__Your goal__
Reproduce the data that follows character for character, but omit its pictures.

__Collected material__
_ _ _ _

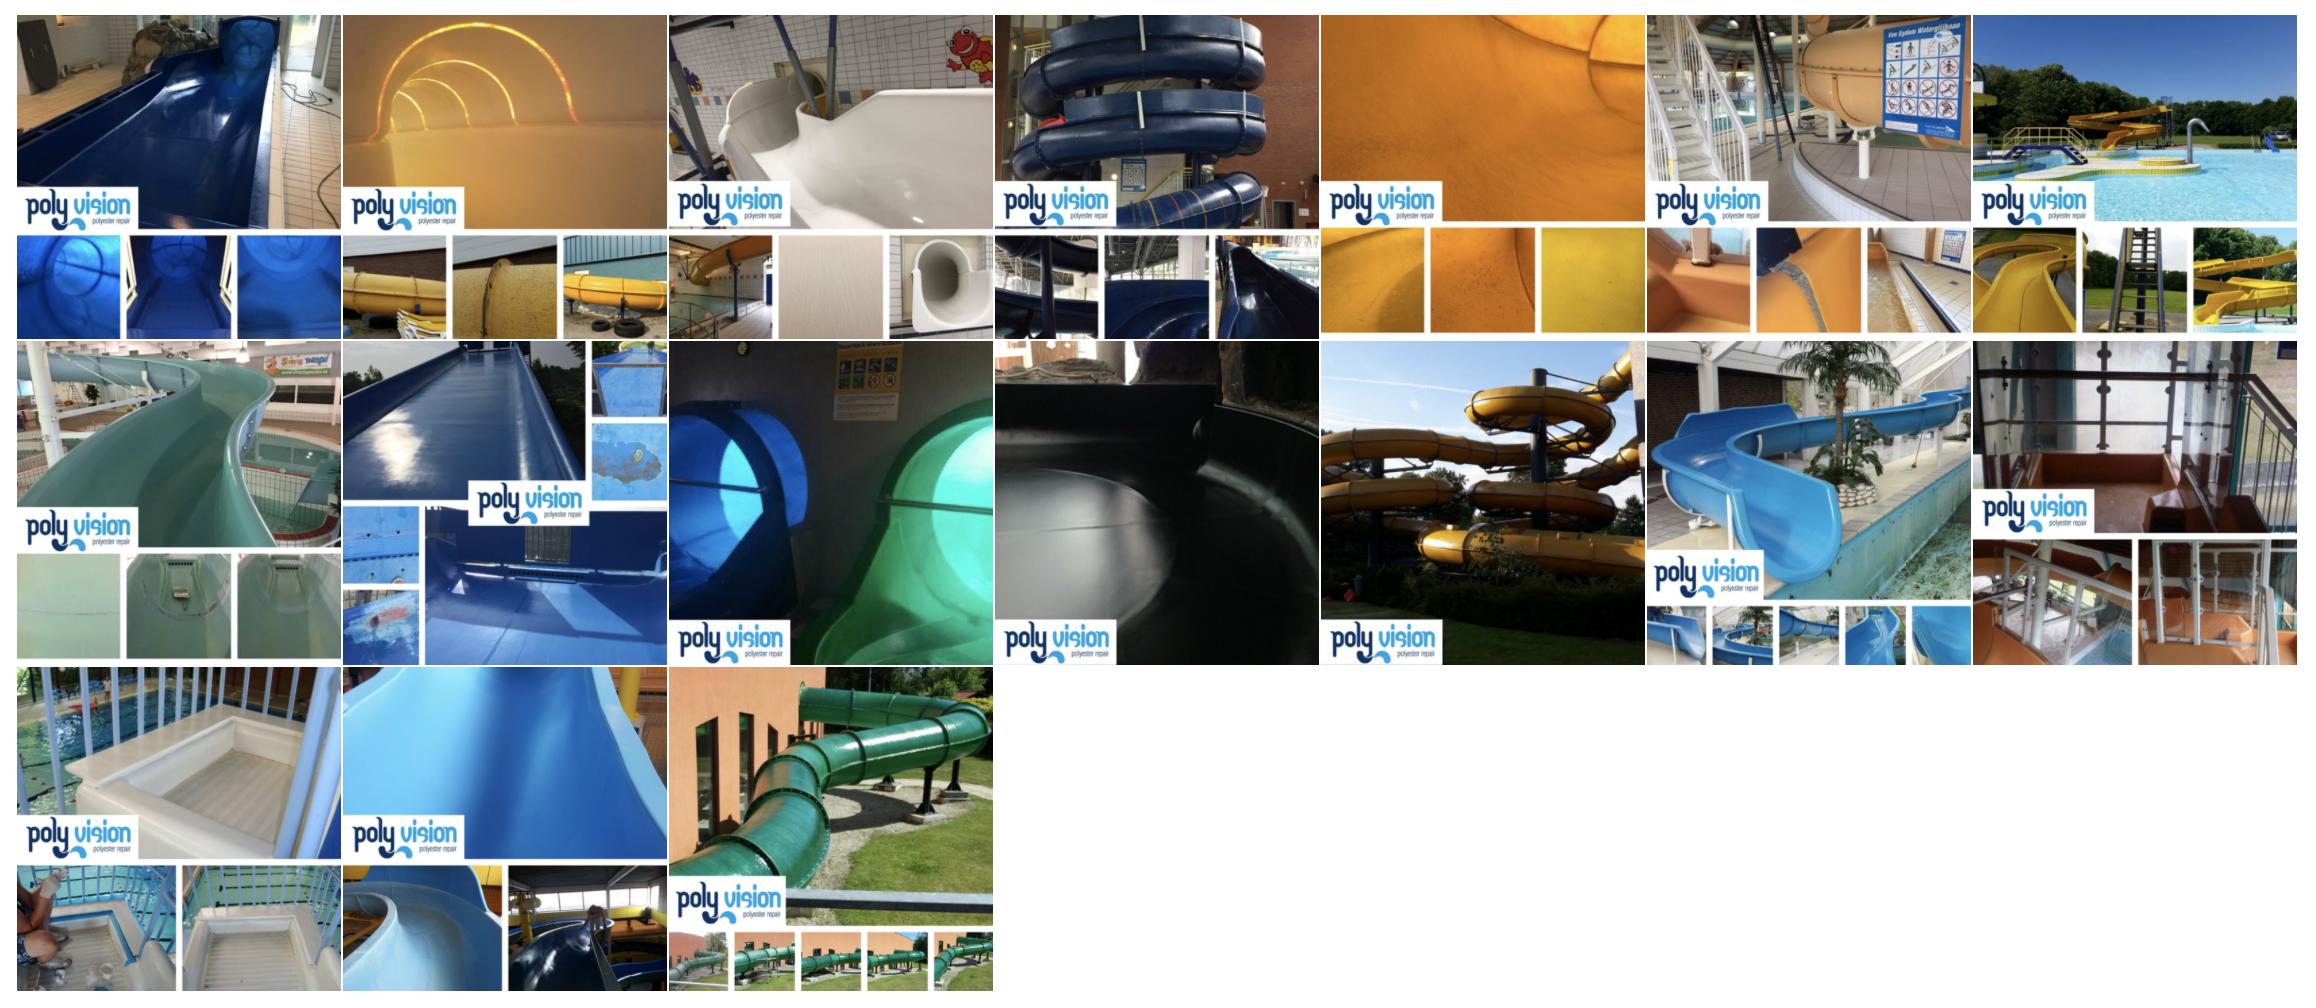 polyester reparatie, renovatie, onderhoud waterglijbanen
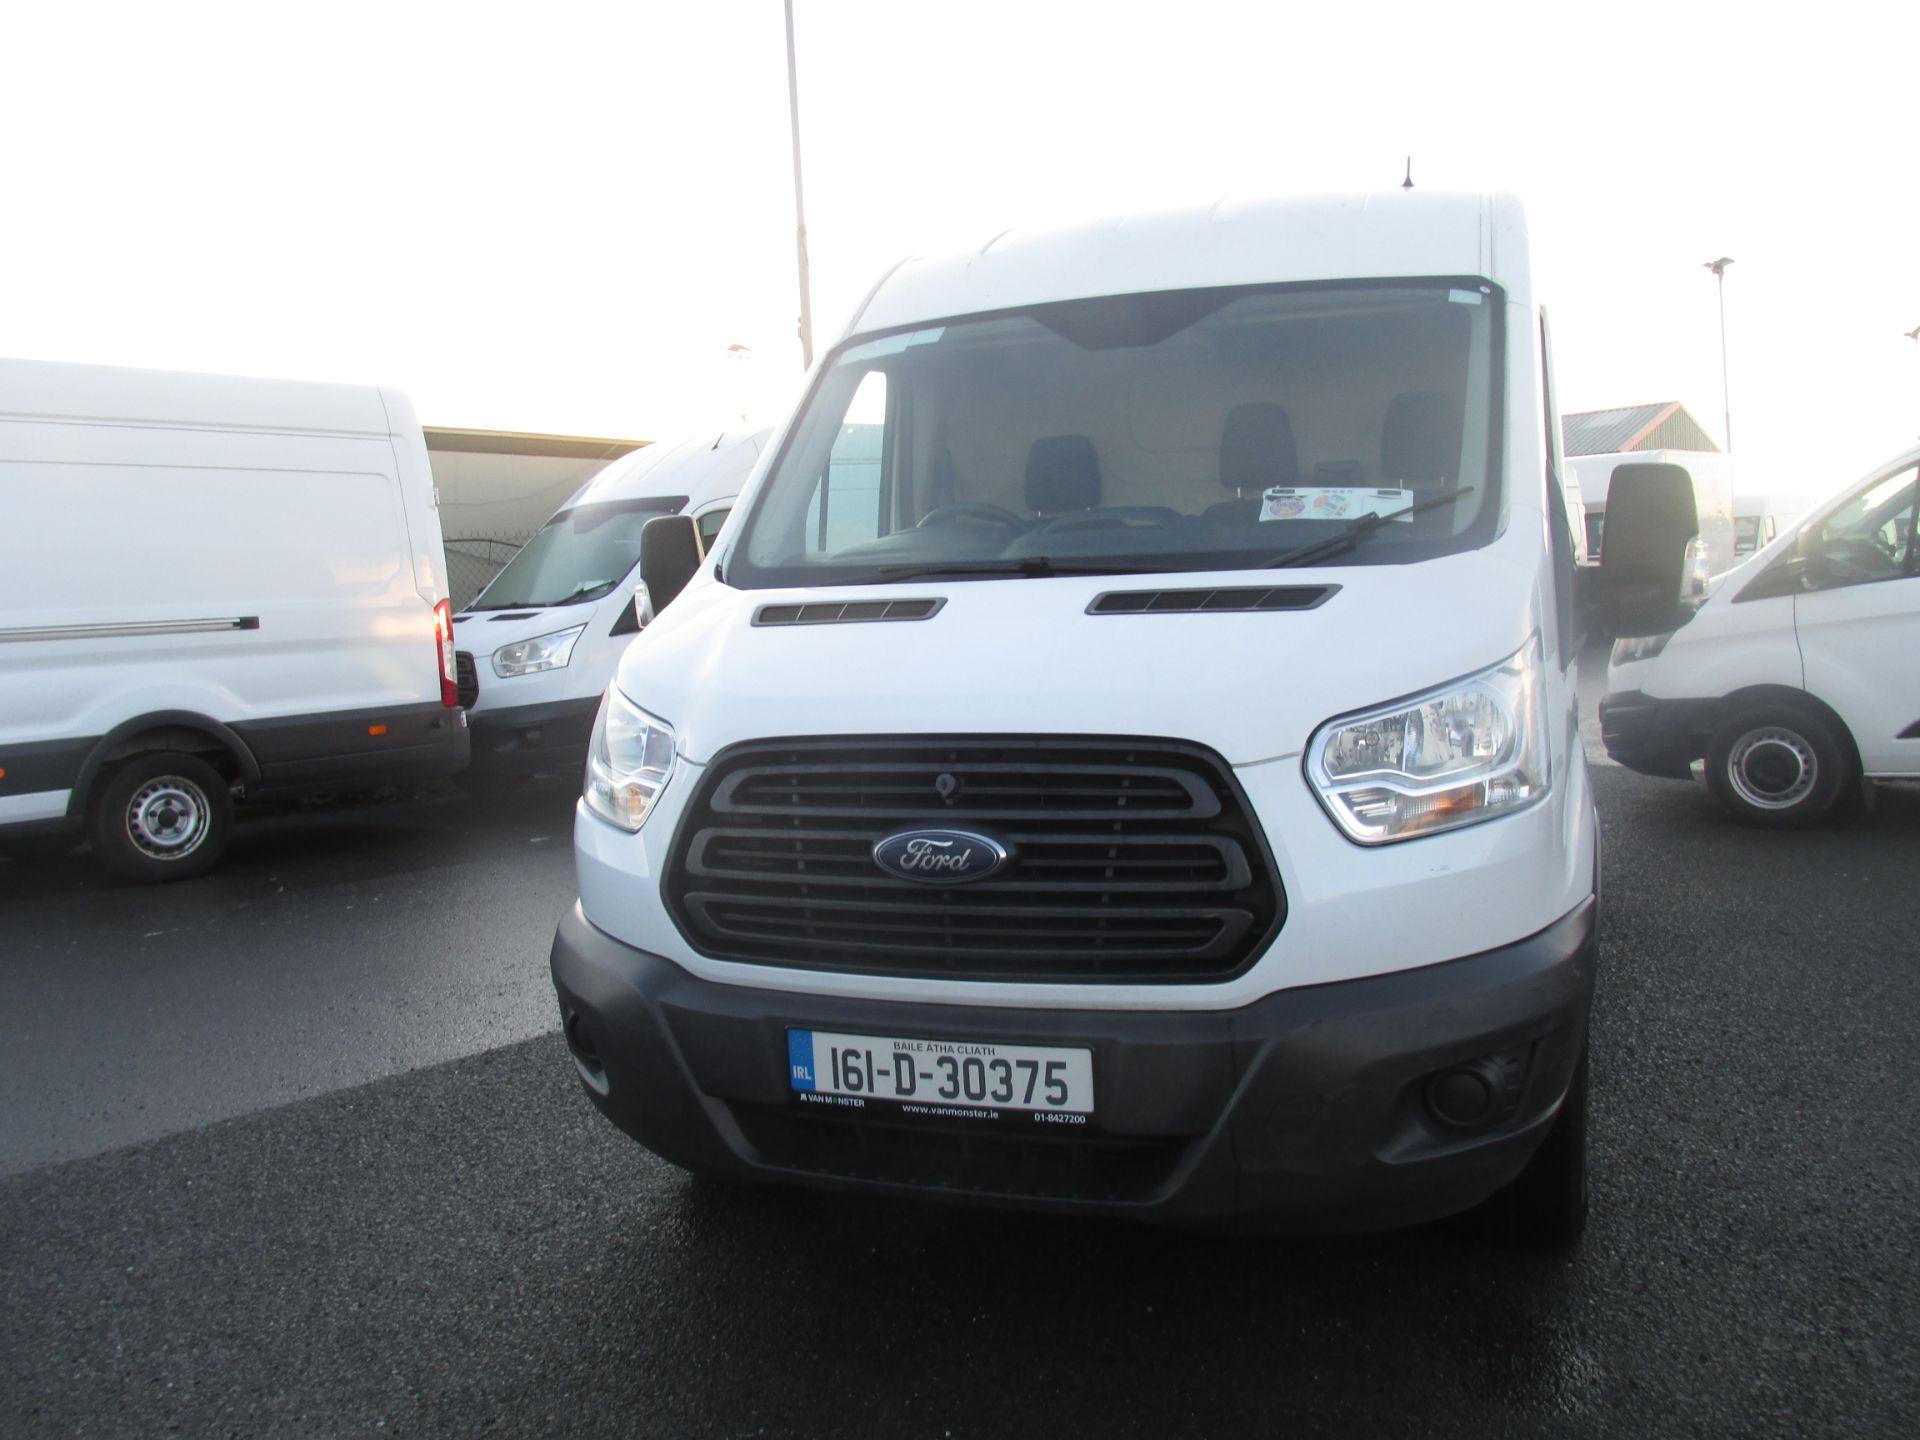 2016 Ford Transit V363 350 LWB Base 125PS RWD 3DR (161D30375) Image 7
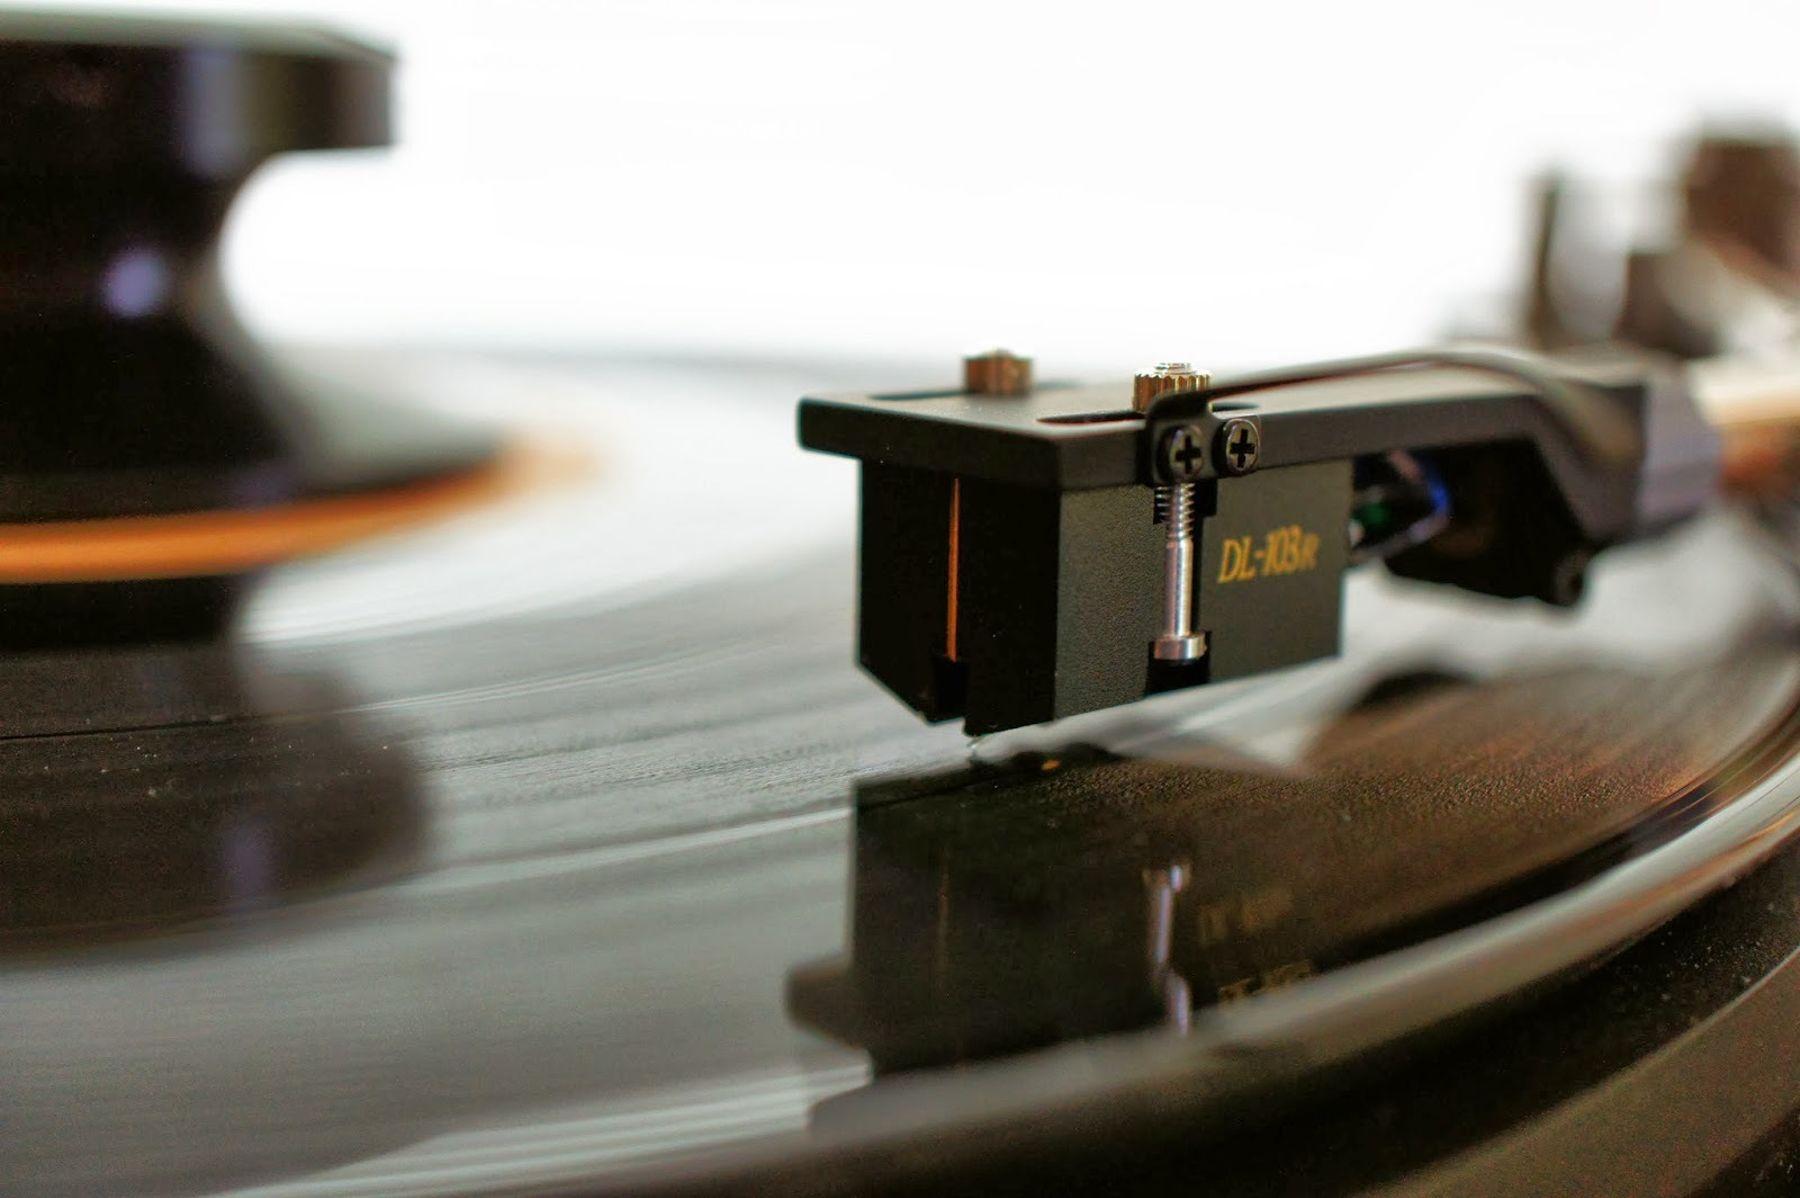 Denon DL-103R - Jordan Acoustics
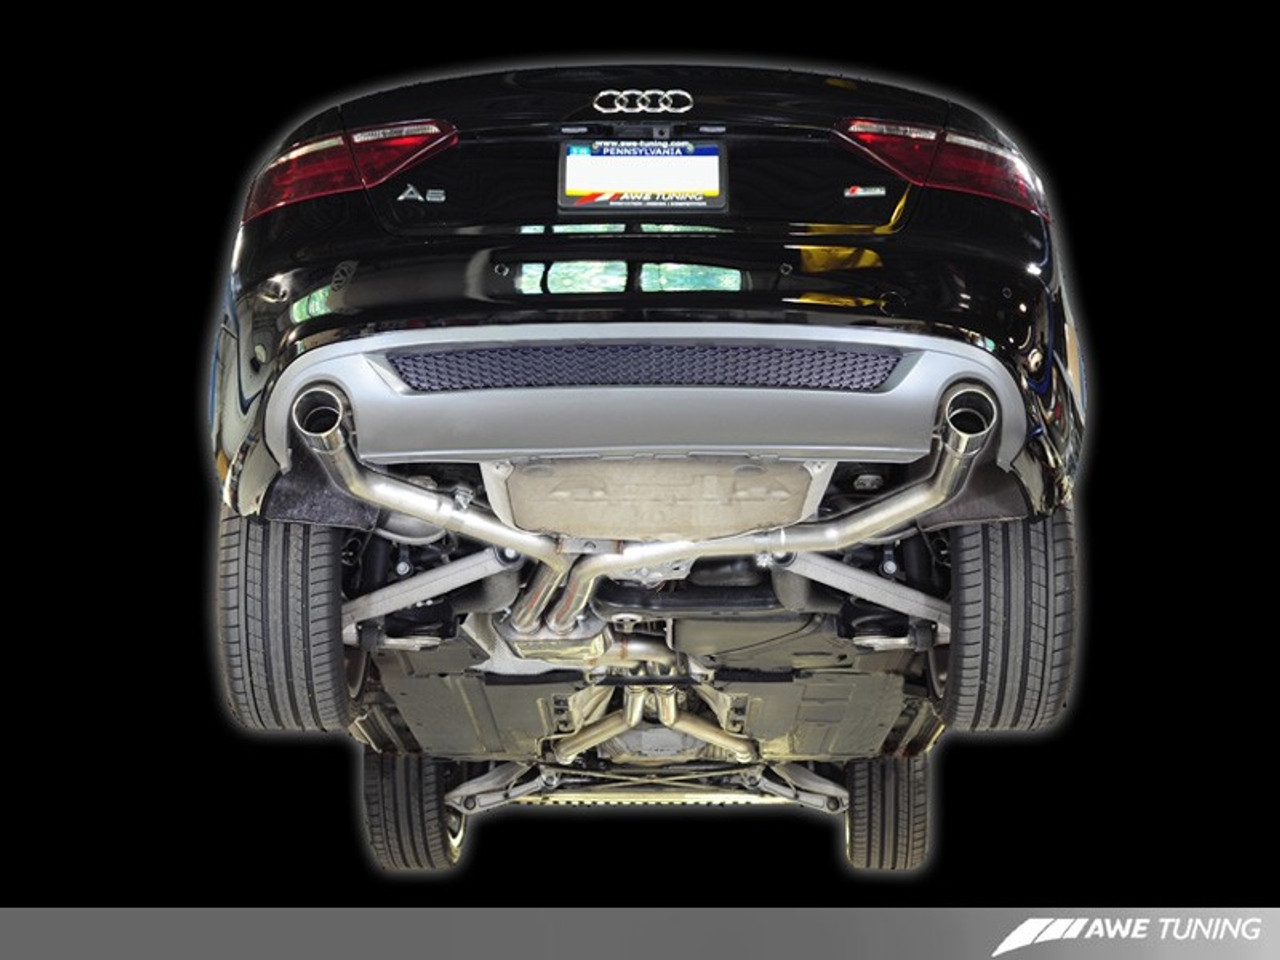 Kelebihan Kekurangan Audi A5 3.2 Fsi Tangguh

_ _ _ _

__Exercise response__
 polyester reparatie, renovatie, onderhoud waterglijbanen
 2016 Ford Transit V363 350 LWB Base 125PS RWD 3DR (161D30375) Image 7
 Denon DL-103R - Jordan Acoustics
 Kelebihan Kekurangan Audi A5 3.2 Fsi Tangguh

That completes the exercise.